The Americans had another pool of labor they could potentially tap for sandbag manufacture. Among the varied sorts of people collected together at Abu Ghraib was a group of about twenty Somali men. The typical appearance of Somalis is tall and thin, and thus they were known as Skinnies. They dwelled in their own enclosure and, though their living quarters lay behind wire fences, the Skinnies were not technically considered detainees. They were non-Iraqi nationals who had had the misfortune of being in Iraq as guest workers when the occupation began. They stayed behind fences because, for some reason, no one made plans to send them back to Somalia.

So they remained, snoozing in the shade of their tents and playing cards, and once they had filled enough sandbags to satisfy their own safety needs, they showed no inclination to fill any more, at least not gratis.

Perhaps, the command staff suggested, the Somalis could be hired to fill sandbags? They proposed the idea to the Somali leaders.

“How much?”

A negotiation followed. Eventually the Skinnies and the Americans made a deal that included a sum of cigarettes, candy, and other desirable commodities, and the Somalis arrived in the courtyard of the Mortar Café to begin work.

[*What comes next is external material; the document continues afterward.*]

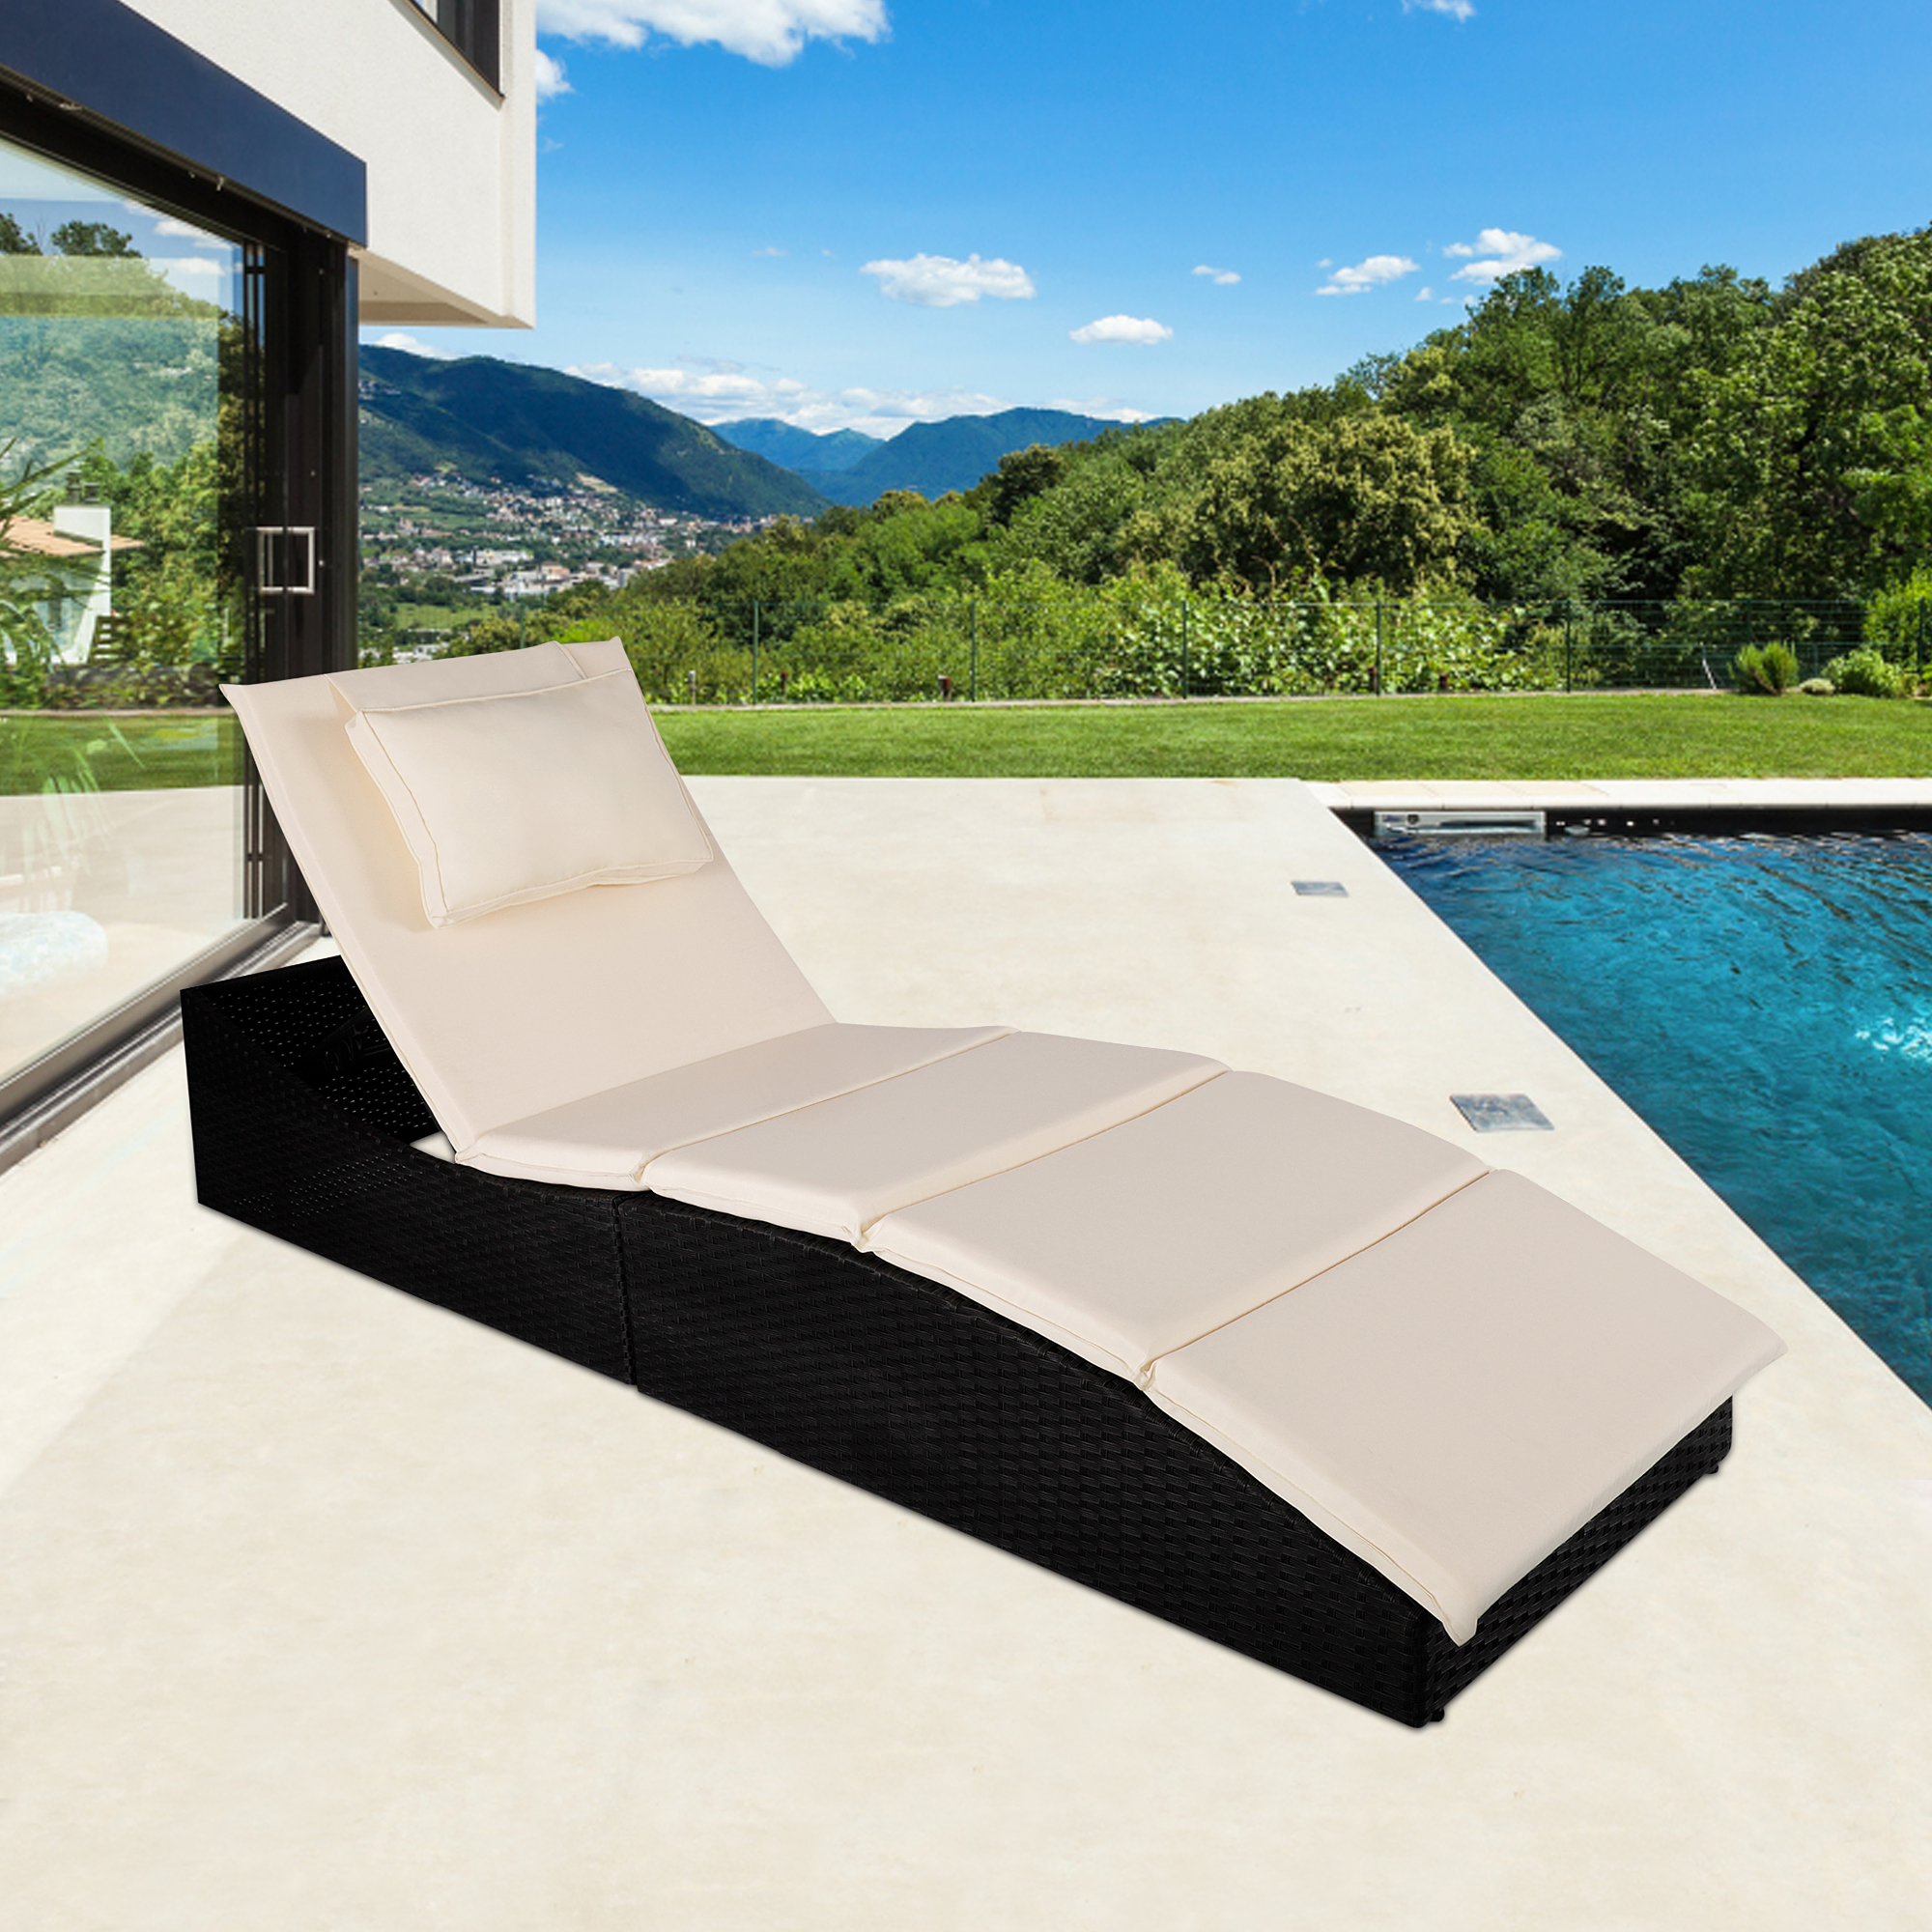 Chaise Lounge Chair Outdoor, enyopro Wicker Patio Chaise Lounger with Cushion, All-Weather Adjustable Sun Chaise Lounge Furniture, Reclining Backrest Chaise Lounge for Yard Pool Porch Garden, K3721 - image 3 of 9

A few days went by, and the piles of sandbags grew. The vulnerable window openings of the Mortar Café began to seem at least a little less like open invitations to mortar rounds.

Then word came down from above that the Skinnies’ sandbagging operation must cease and desist.

“Really? Why?”

“It looks bad.”

“What looks bad?”

“We’re Americans. We’ve got history on this.”

“You mean like from Mogadishu? Black Hawk Down?”

“No, dummy. I mean slavery.”

“We’re paying them!”

“I know that. You know that. But from the outside, it looks like a bunch of whites lying around while the blacks do the work.”

“But sir, they don’t have to work … they’re getting paid to work …”

“I’m just saying. It looks bad.”

What if a reporter took a photograph and put it on the Internet?

They solved the problem by making sure that whenever the Somalis were filling sandbags, one of the Americans (it had to be a white American—a black American wouldn’t do at all) sat there and filled sandbags too.